LOGO
РЕГИОНАЛЬНЫЙ ИНФОРМАЦИОННЫЙ ДАЙДЖЕСТ
ЭКОНОМИКА, ЭКОЛОГИЯ, ИСТОРИЯ, КУЛЬТУРА

В РЕ МИНОРЕ МНЕ, ГОША, В РЕ МИНОРОЕ!

Владимир Коянто (Владимир Владимирович Косыгин, член Союза писателей России, родился 21 января 1933 г. в с. Ивашка Карагинского района КНО)


Мы публикуем отрывок из новой книги известного корякского писателя «Гамул. (Дневниковая повесть о Гоше Поротове)» — воспоминания о большом друге Владимира Владимировича, извест-ном камчатском писателе, фольклористе, музыканте, одном из создателей легендарного национального корякского балета «Мэнго», камчадале Георгии Германовиче Поротове.


— Володька-а-а! Иди чай пить?! — в рубашке в роспуск, босиком стоял на крыльце своей избушки Гоша и звал меня. Тогда иначе он меня и не называл. Это потом я был для него и «Володенькой», «Володей», чаще — Коянто, в немилости — Косыгин, в большой нежности и доверительном уважении — «Северный Бог»...
— Сейчас! — я знал, если Гоша зовет пить чай, значит есть новая песня, сотворил очередную шутку или написал музыку к танцу Татьяны Петровны Лукашкиной. Надо идти.

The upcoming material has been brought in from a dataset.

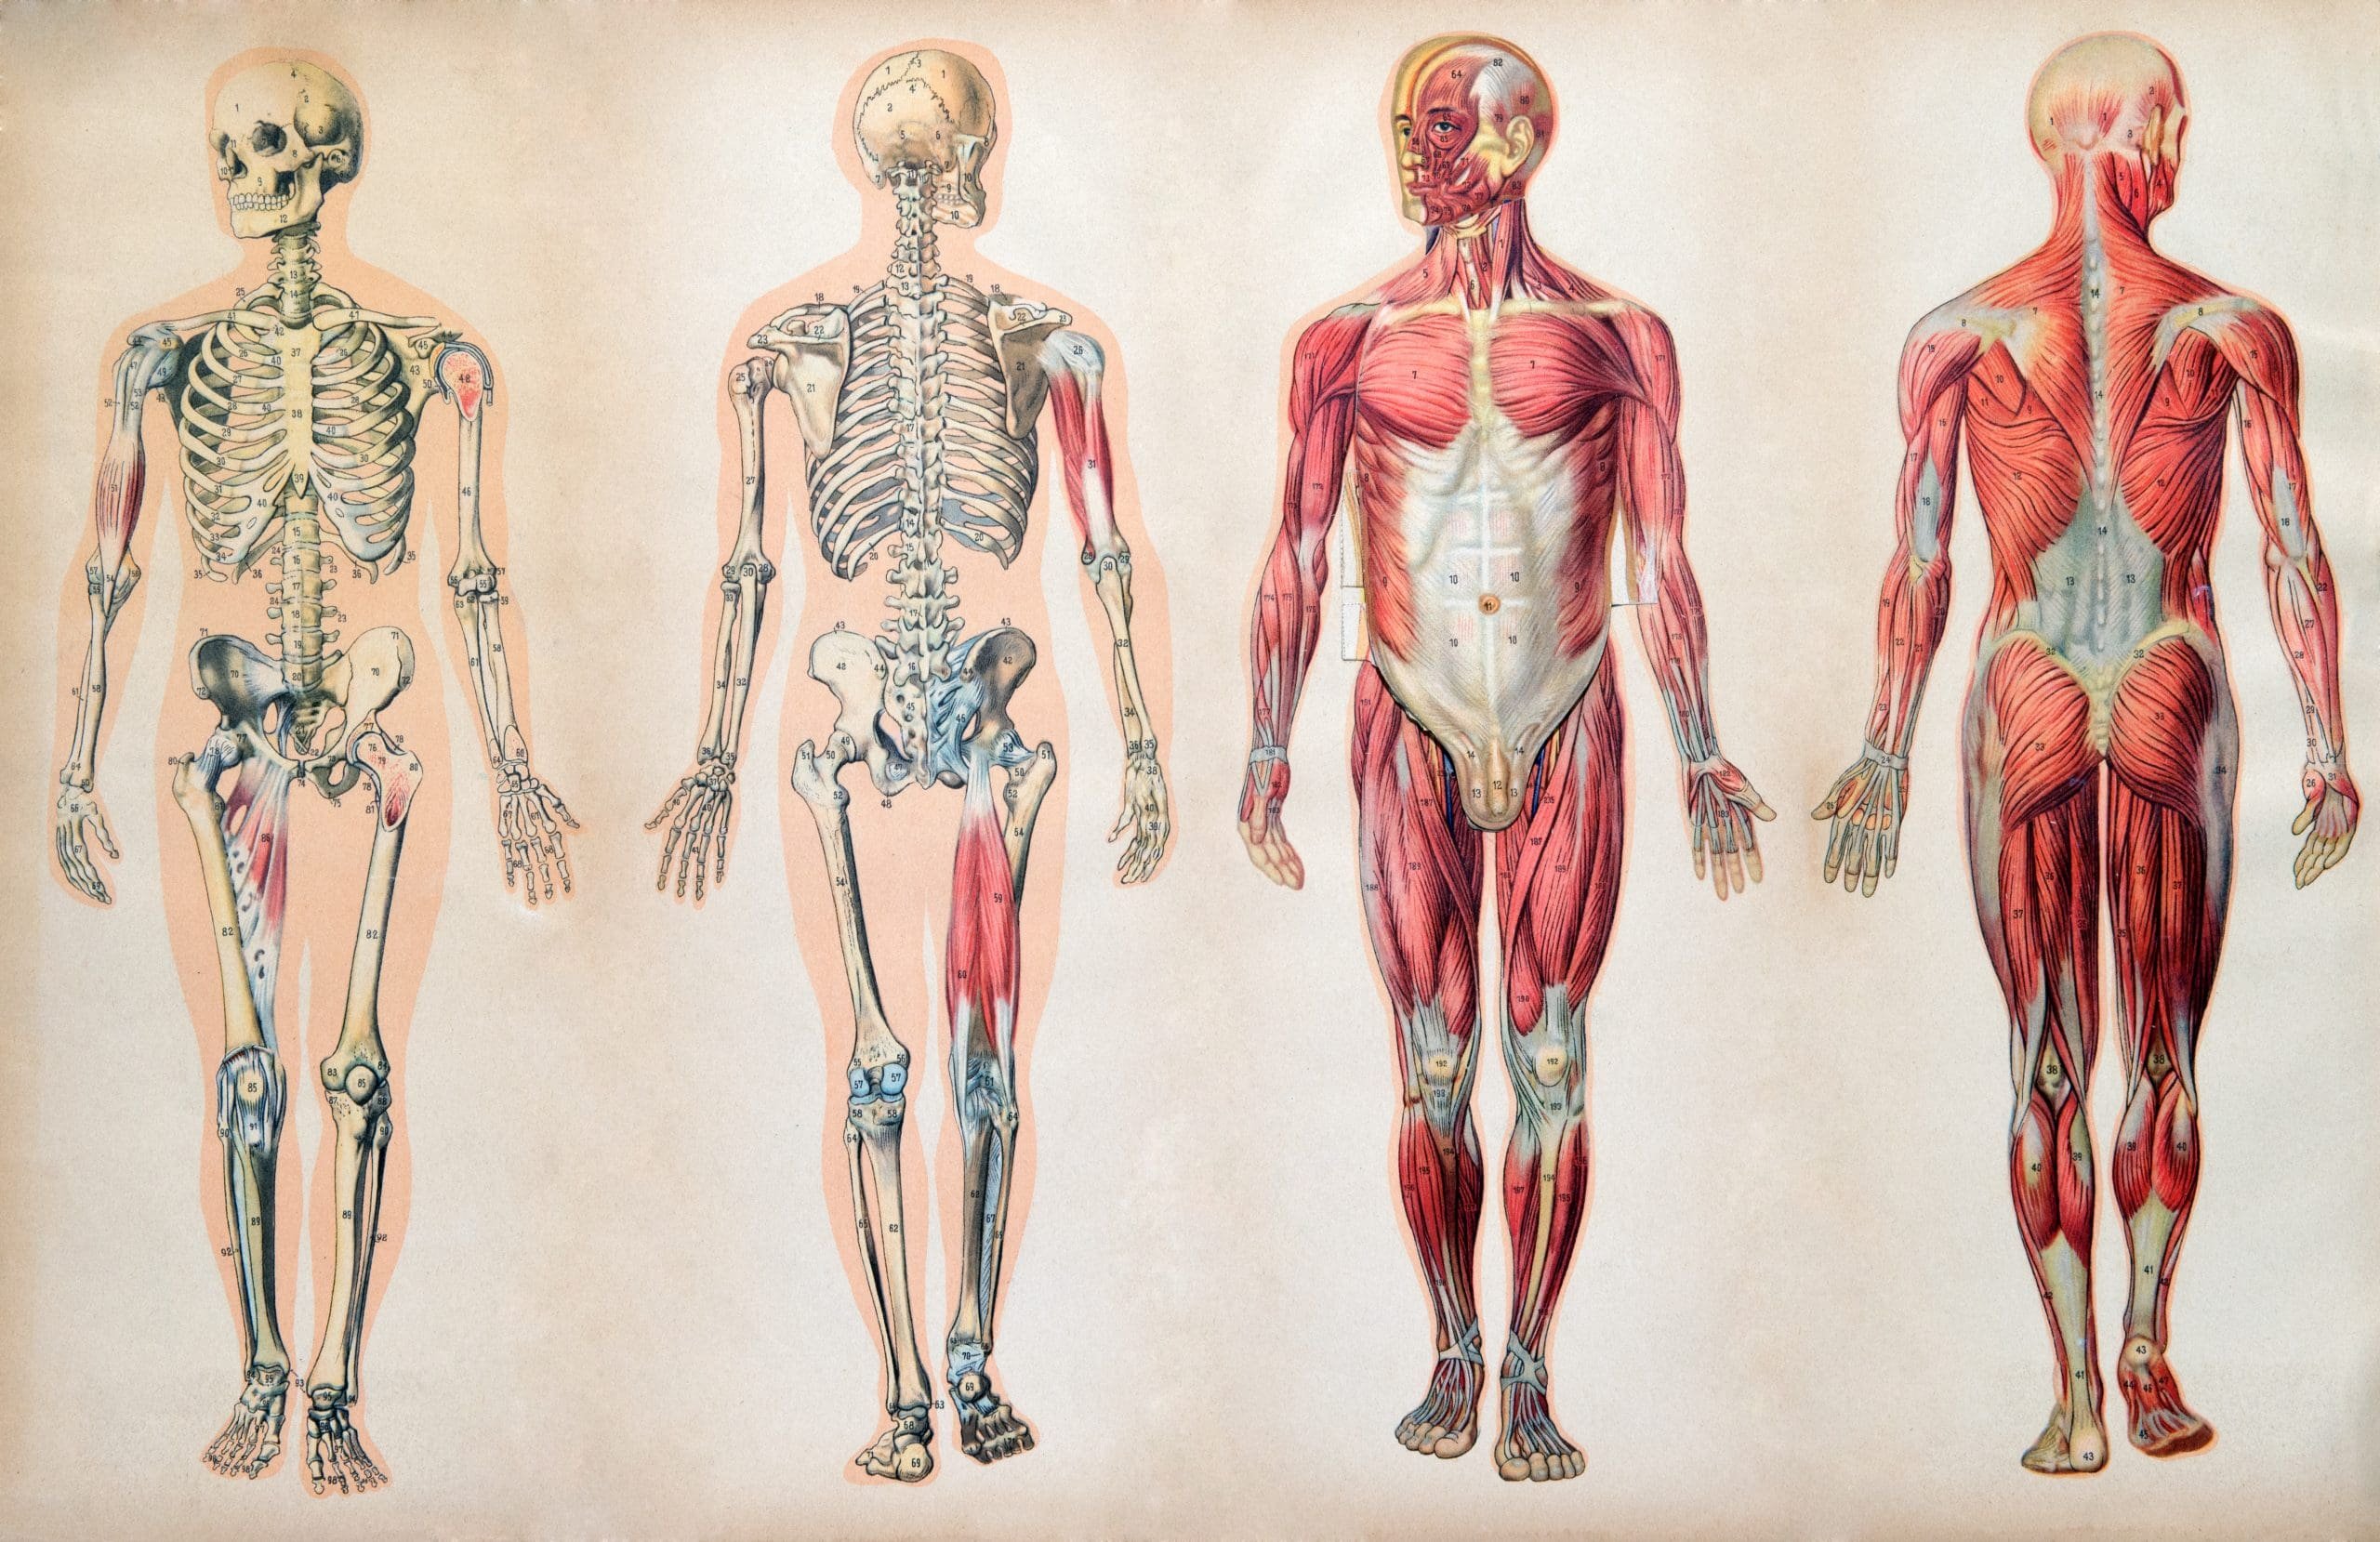 Анатомия человека 1. Анатомия человека скелет и мышцы. Анатомия тела человека мышцы и кости. Скелет человека с мышцами и органами. Строение человека скелет мышцы кожа.

Часто, наедине, разговаривая сам с собою, я задавал себе вопросы: «Почему вот жизнь так устроена? Преодолеваешь — разрушаешь! Разрушаешь — преодолеваешь! А что же впереди?»
Приехав в Палану, я уже имел за плечами любимый город — Ленинград с его театрами, музеями, поэтическими клубами, первой настоящей любовью... Помню, с каким желанием я добирался до Нарвской Заставы в простуженный ленинградский сырой день, чтобы поучаствовать на занятиях литературного клуба, которым руководил Всеволод Рождественский, поэт, знавший Есенина. Он первый открыл для меня настоящего Есенина, дав на несколько дней его сборник стихов. Я выучил многие стихи наизусть, иногда, крадучись (тогда Есенин был еще под запретом), я приносил сборник на занятия и показывал своим землякам Кате Наривлич и Вере Кавав, моему кольскому другу-сааму Васе Селиванову... Рождественский, Анатолий Чепуров — поэт-фронтовик, Михаил Дудин, Павел Далецкий — все они в разное время занимались с нами, поэтами-северянами.
Я был счастлив, что там, в Ленинграде, танцевал в знаменитом ансамбле «Северное Сияние», которым руководила Татьяна Федоровна Петрова-Битова, ученица А. Дункан, великая танцовщица Севера, впоследствии друг и большой наставник. Но в жизни не всегда праздники и победы. Так и у меня: Ленинград, любовь, разлука, безудержное буйство... Но рядом друзья: Татьяна Федоровна, Гавриил Никандрович — декан Северного факультета, Михаил Григорьевич Воскобойников и многие другие...
Владивосток. Учусь, вечерами работаю рабочим в краевом драмтеатре с другом Евгением Коржем, студентом, как и я, художественного училища. Он вместе с Кириллом Килпалиным учился.
Помню, как через Владивосток в Японию ехал на гастроли МХАТ. Несколько спектаклей артисты МХАТА давали в нашем краевом театре. Разве можно забыть те вечера, когда мы с Женькой вместе с мхатовскими рабочими обставляли сцены из спектакля «Три сестры». То было мгновение какой-то необыкновенной радости и тайны: рядом знаменитые Алла Тарасова, Ангелина Степанова — жена самого Фадеева, Грибов, Станицын, Яншин... О! МХАТ!
И там же, во Владивостоке, уже на 4-м курсе все снова «трамтарарам!» Ох это «разрушение-преодоление»? Что впереди?
А впереди — ПАЛАНА! Прослышал, что там создается национальный ансамбль.
Где-то в 1957 году, летом, в областном центре -Петропавловске-Камчатском собрали нас, танцующих и поющих со всей Корякии, получился хороший ансамбль: танцоры из Караги, Тигиля, Паланы, Седанки, Олюторки привезли из своих мест мелодии бабушек и дедушек, картинки из праздника «Хололо».
Более месяца готовил этот ансамбль на Всемирный фестиваль молодежи и студентов молодой музыкант, выпускник Хабаровской культпросветшколы Михаил Косыгин. Было дано много концертов в Домах культуры города, у военных моряков, рыбаков.
Я тогда работал в Карагинском райкоме комсомола и вместе с участниками художественной самодеятельности стал участником этого ансамбля.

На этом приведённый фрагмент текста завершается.